DATA: Begin

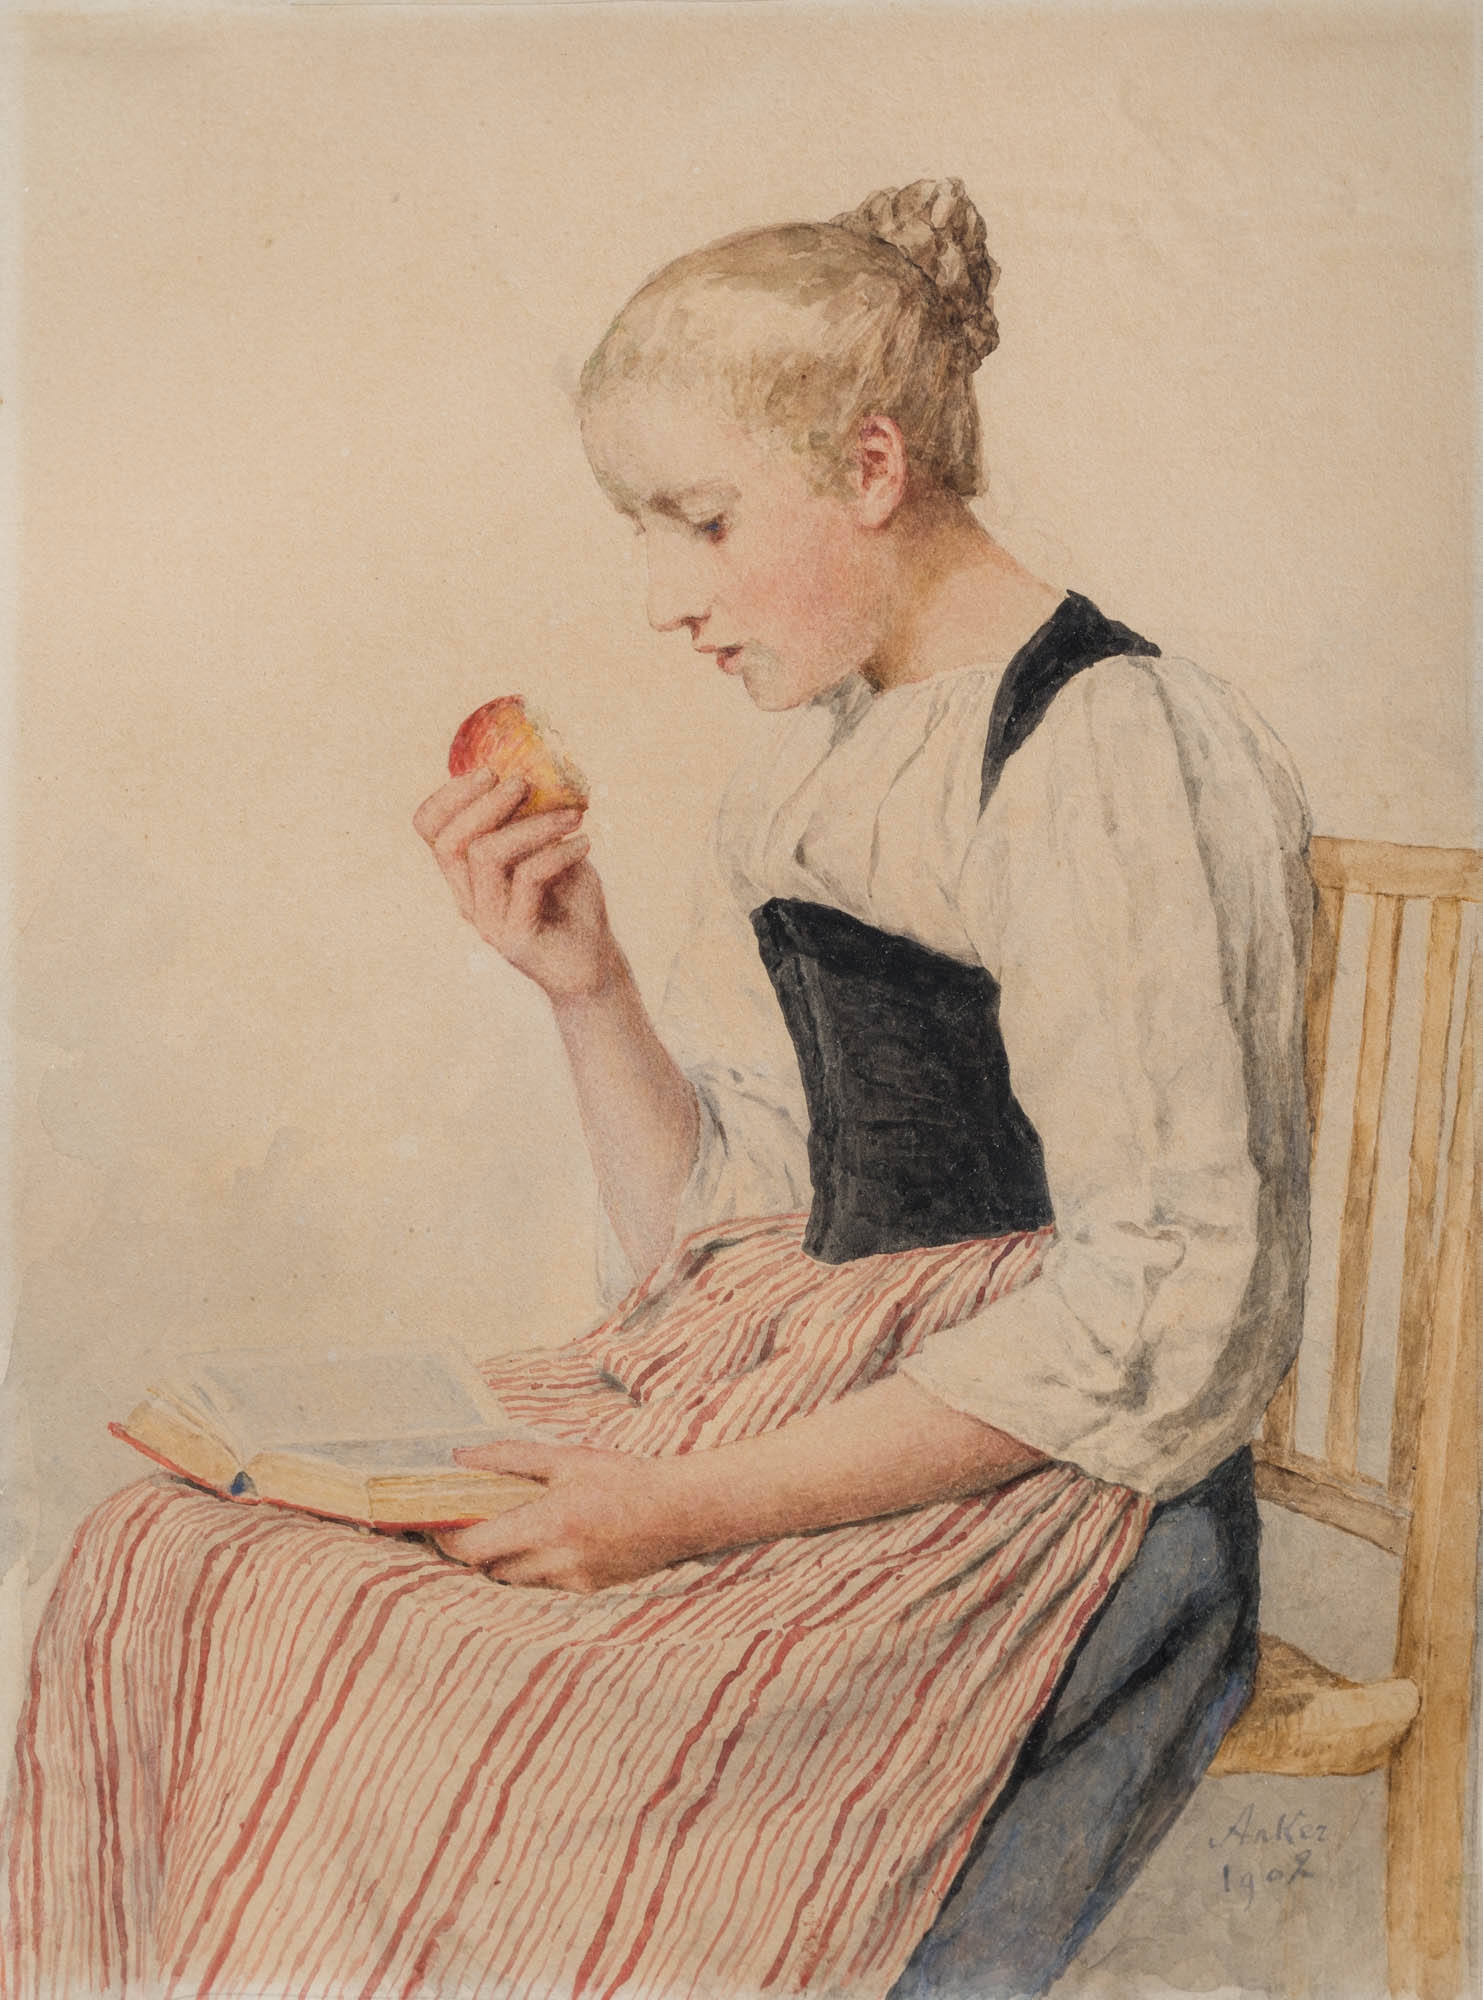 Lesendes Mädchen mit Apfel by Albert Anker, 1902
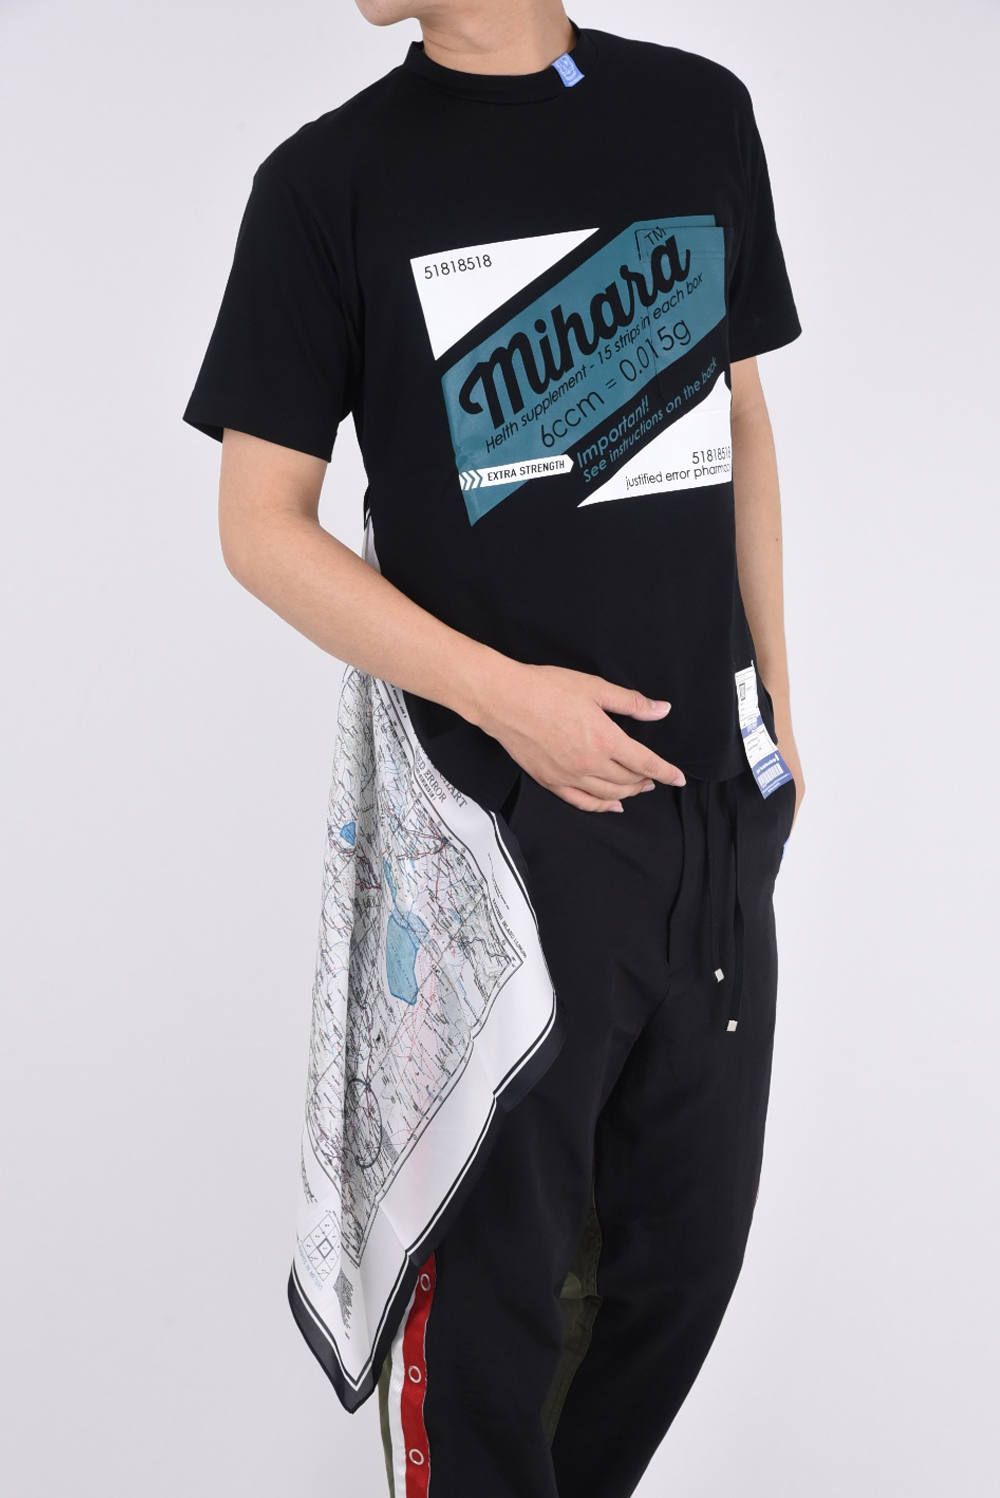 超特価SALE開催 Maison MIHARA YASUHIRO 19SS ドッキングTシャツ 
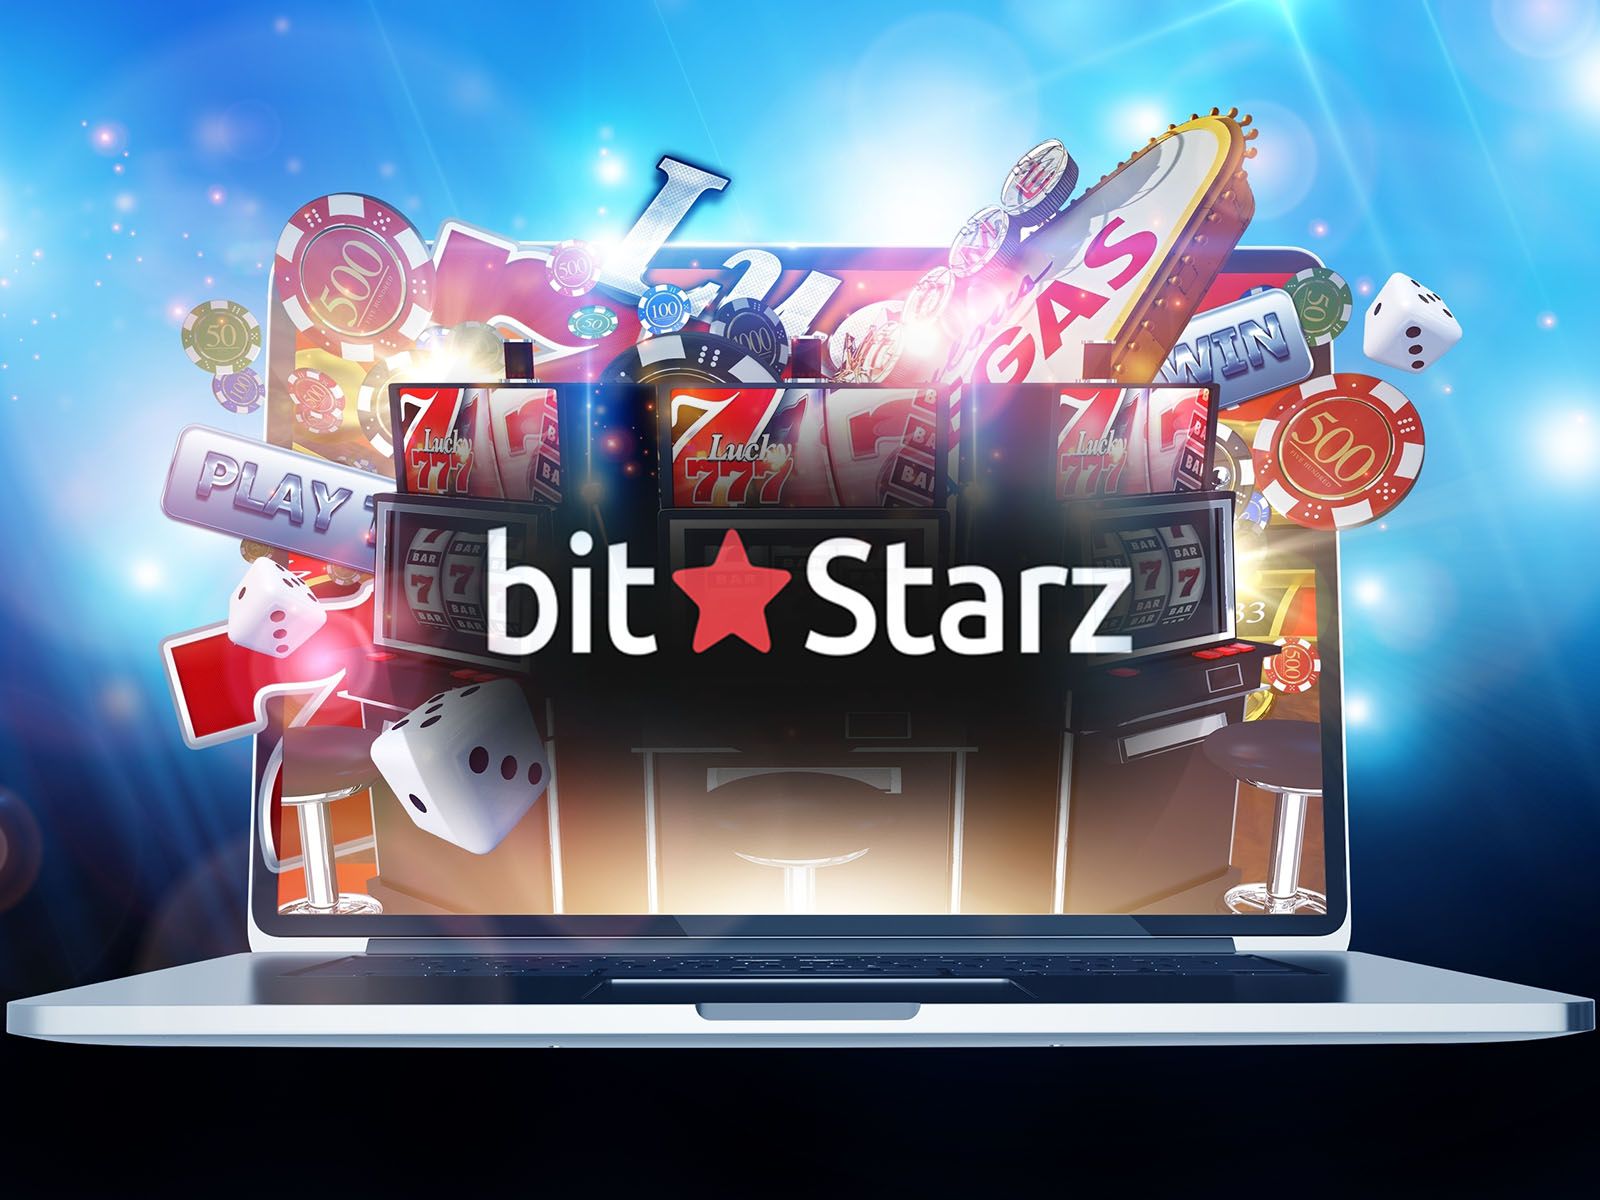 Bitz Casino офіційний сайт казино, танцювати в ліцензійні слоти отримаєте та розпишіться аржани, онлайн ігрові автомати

DATA: End

§ YOUR INSTRUCTIONS:
Take the line containing "超特価SALE開催 Maison MIHARA" and every line after it through the end of the data, and write them out exactly, with no pictures.

§ EXERCISE OUTPUT:
 超特価SALE開催 Maison MIHARA YASUHIRO 19SS ドッキングTシャツ 
 Bitz Casino офіційний сайт казино, танцювати в ліцензійні слоти отримаєте та розпишіться аржани, онлайн ігрові автомати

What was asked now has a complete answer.